UnsupportedOperationException: sun.misc.Unsafe or java.nio.DirectByteBuffer.<init>(long, int) not available #8207

VaibhavFRI · 2024-12-11T05:26:47Z

Backend

VL (Velox)

Bug description

I encountered an UnsupportedOperationException while running a Spark job with JDK17 using Gluten with the Velox backend on an ARM-based platform.
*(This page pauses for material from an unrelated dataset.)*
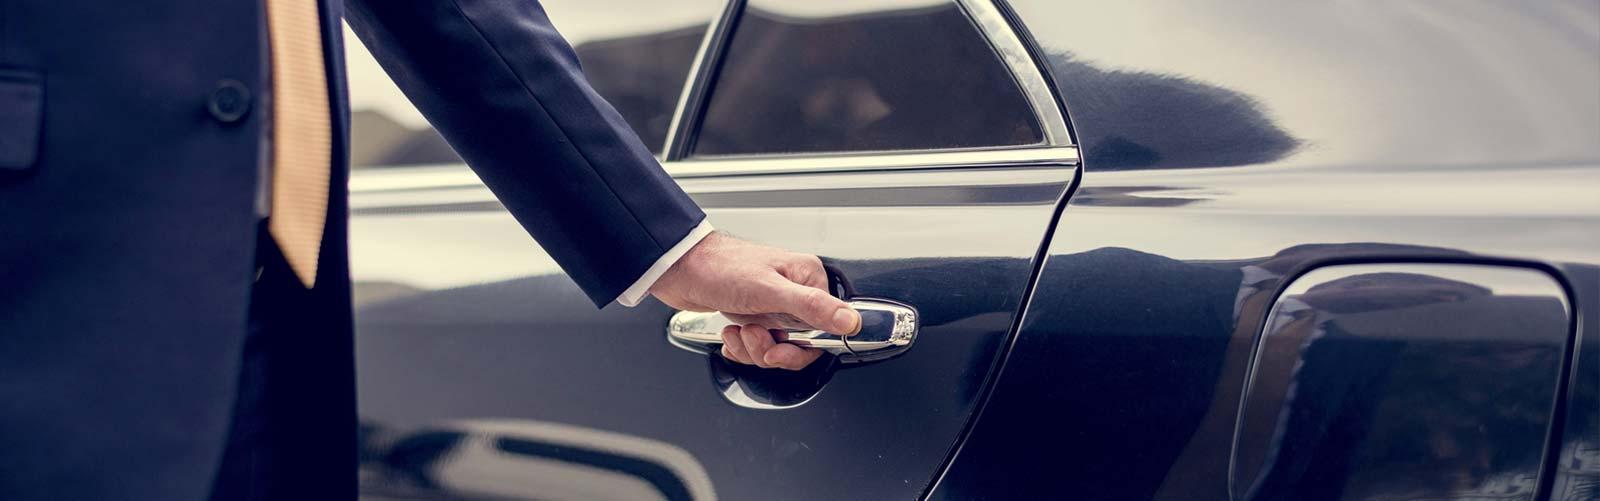 chauffeur driven service

The error occurs during execution, indicating that sun.misc.Unsafe or the java.nio.DirectByteBuffer constructor is not available.

Error message:
org.apache.gluten.exception.GlutenException: Error during calling Java code from native code:
java.lang.UnsupportedOperationException: sun.misc.Unsafe or java.nio.DirectByteBuffer.(long, int) not available

Command used to run spark job:
spark-submit --class com.example.KMeansExample --properties-file spark-config.conf --jars /path/to/gluten-velox-bundle-spark3.5_2.12-ubuntu_22.04_aarch_64-1.3.0-SNAPSHOT.jar target/<spark-build.jar>

Gluten Version: 1.3.0-SNAPSHOT
Spark Version: 3.5.2
JDK Version: 17
Platform: ARM (AWS Graviton)
Backend: Velox
OS: Ubuntu 22.04

Spark version

Spark-3.5.x

Spark configurations

spark.executor.instances 1
spark.executor.cores 1
spark.task.cpus 1
spark.dynamicAllocation.enabled false
spark.cores.max 1

spark.executor.memory 56g
spark.driver.memory 4g

spark.memory.offHeap.enabled true
spark.memory.offHeap.size 20g
spark.executor.memoryOverhead 1g

spark.driver.extraJavaOptions "--illegal-access=permit -Dio.netty.tryReflectionSetAccessible=true --add-opens java.base/java.lang=ALL-UNNAMED --add-opens=java.base/java.util=ALL-UNNAMED"
spark.executor.extraJavaOptions "--illegal-access=permit -Dio.netty.tryReflectionSetAccessible=true --add-opens java.base/java.lang=ALL-UNNAMED --add-opens=java.base/java.util=ALL-UNNAMED"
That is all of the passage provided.